(DATA EXTRACT)
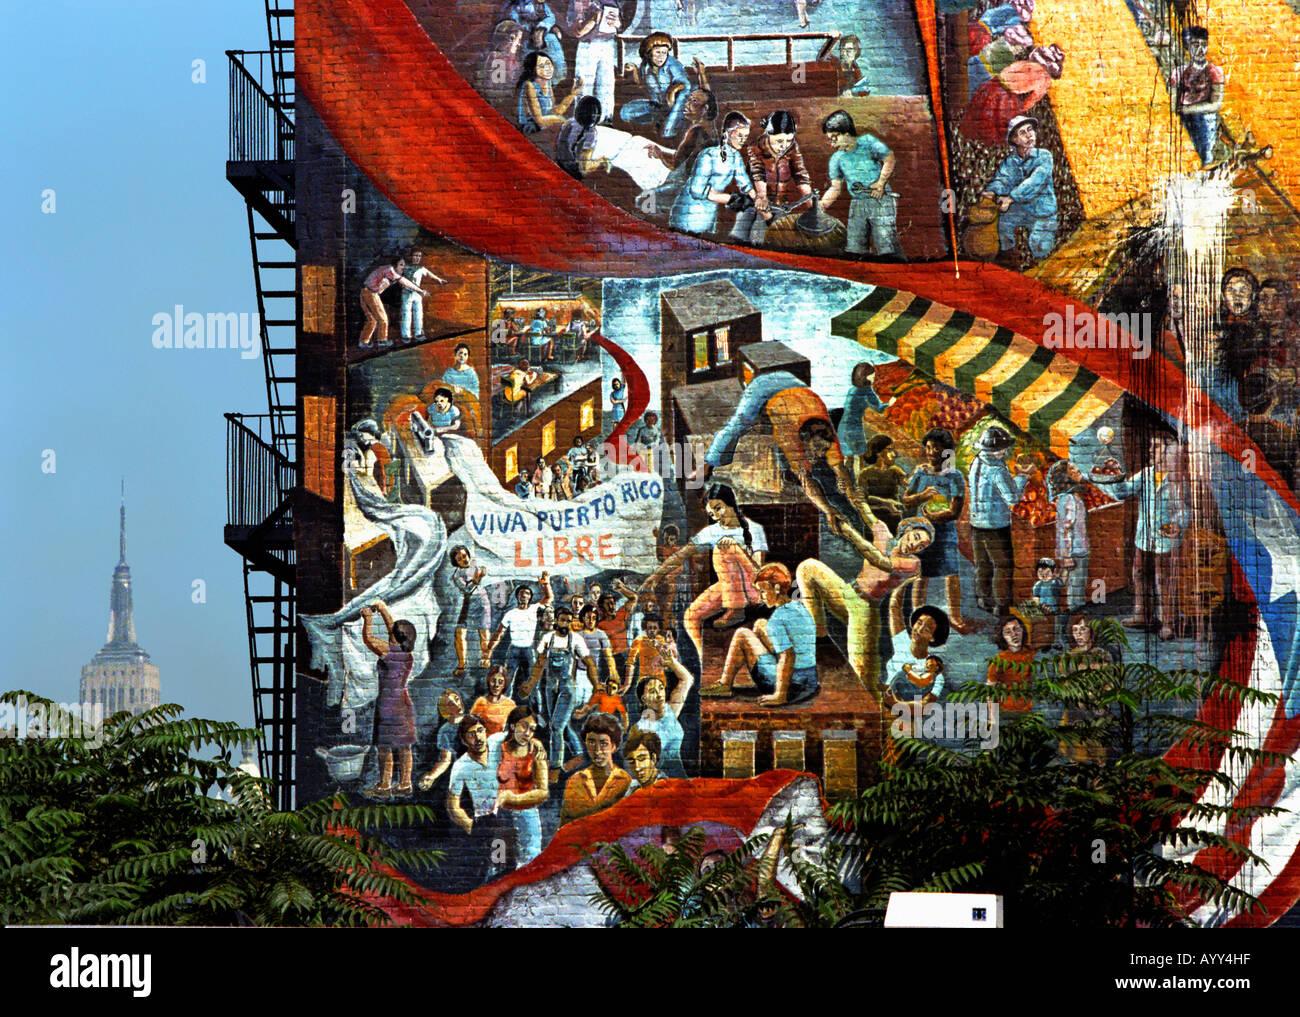 Peinture sur mur Manhattan USA Libre Porto Rico Photo Stock
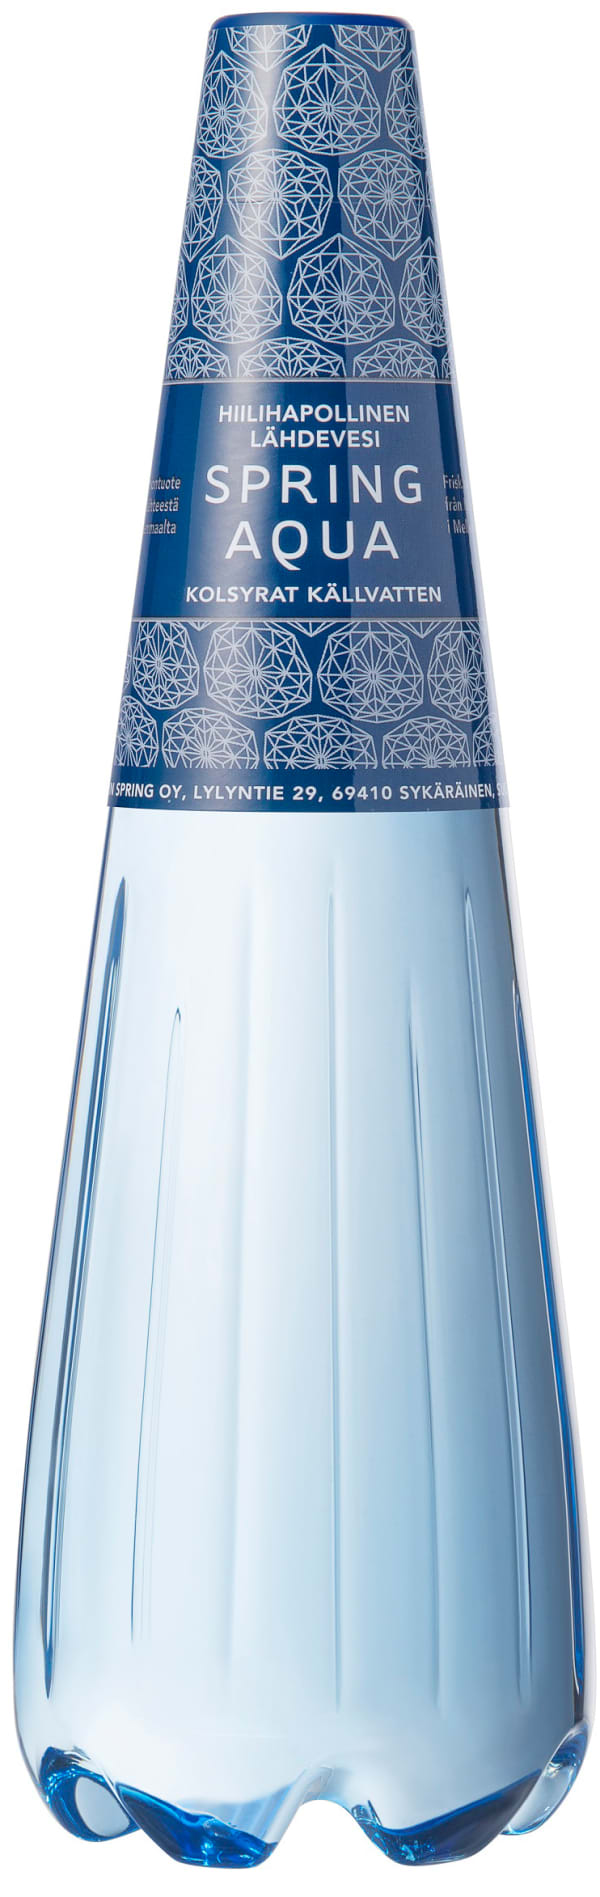 Spring Aqua Hiilihapollinen Lähdevesi plastic bottle
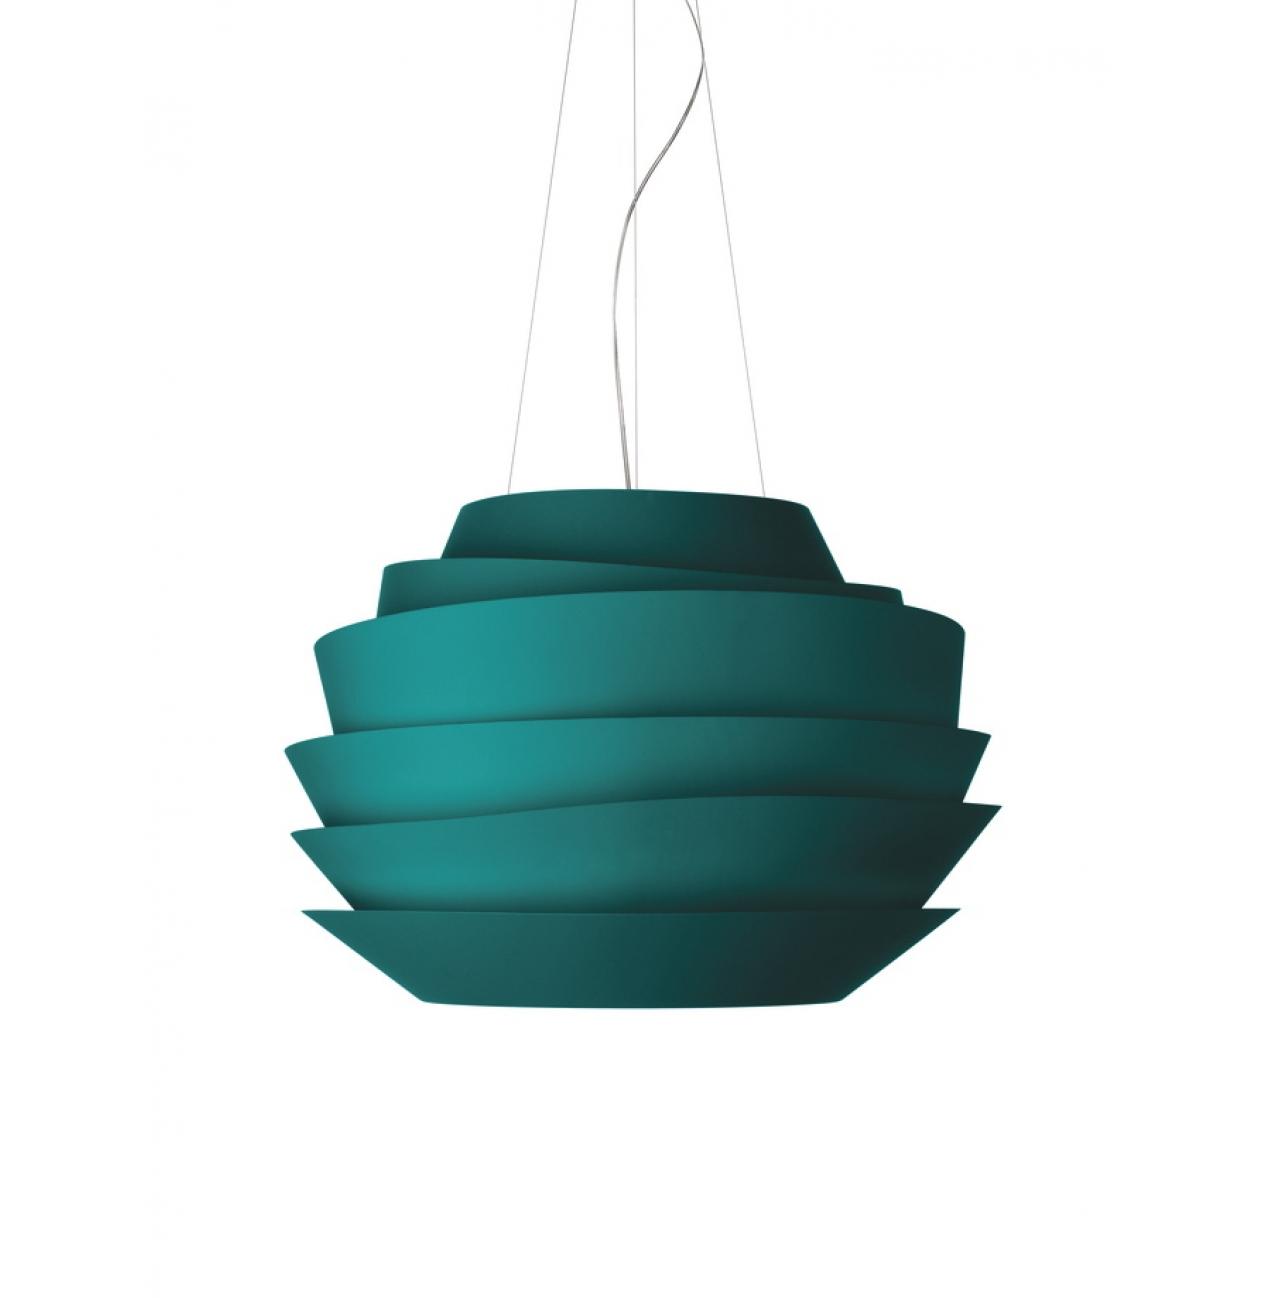 foscarini hanglamp le soleil versteeg lichtstudio. Black Bedroom Furniture Sets. Home Design Ideas
(End DATA EXTRACT)
Transcribe each line above verbatim, with the pictures left out.

 Peinture sur mur Manhattan USA Libre Porto Rico Photo Stock
 Spring Aqua Hiilihapollinen Lähdevesi plastic bottle
 foscarini hanglamp le soleil versteeg lichtstudio. Black Bedroom Furniture Sets. Home Design Ideas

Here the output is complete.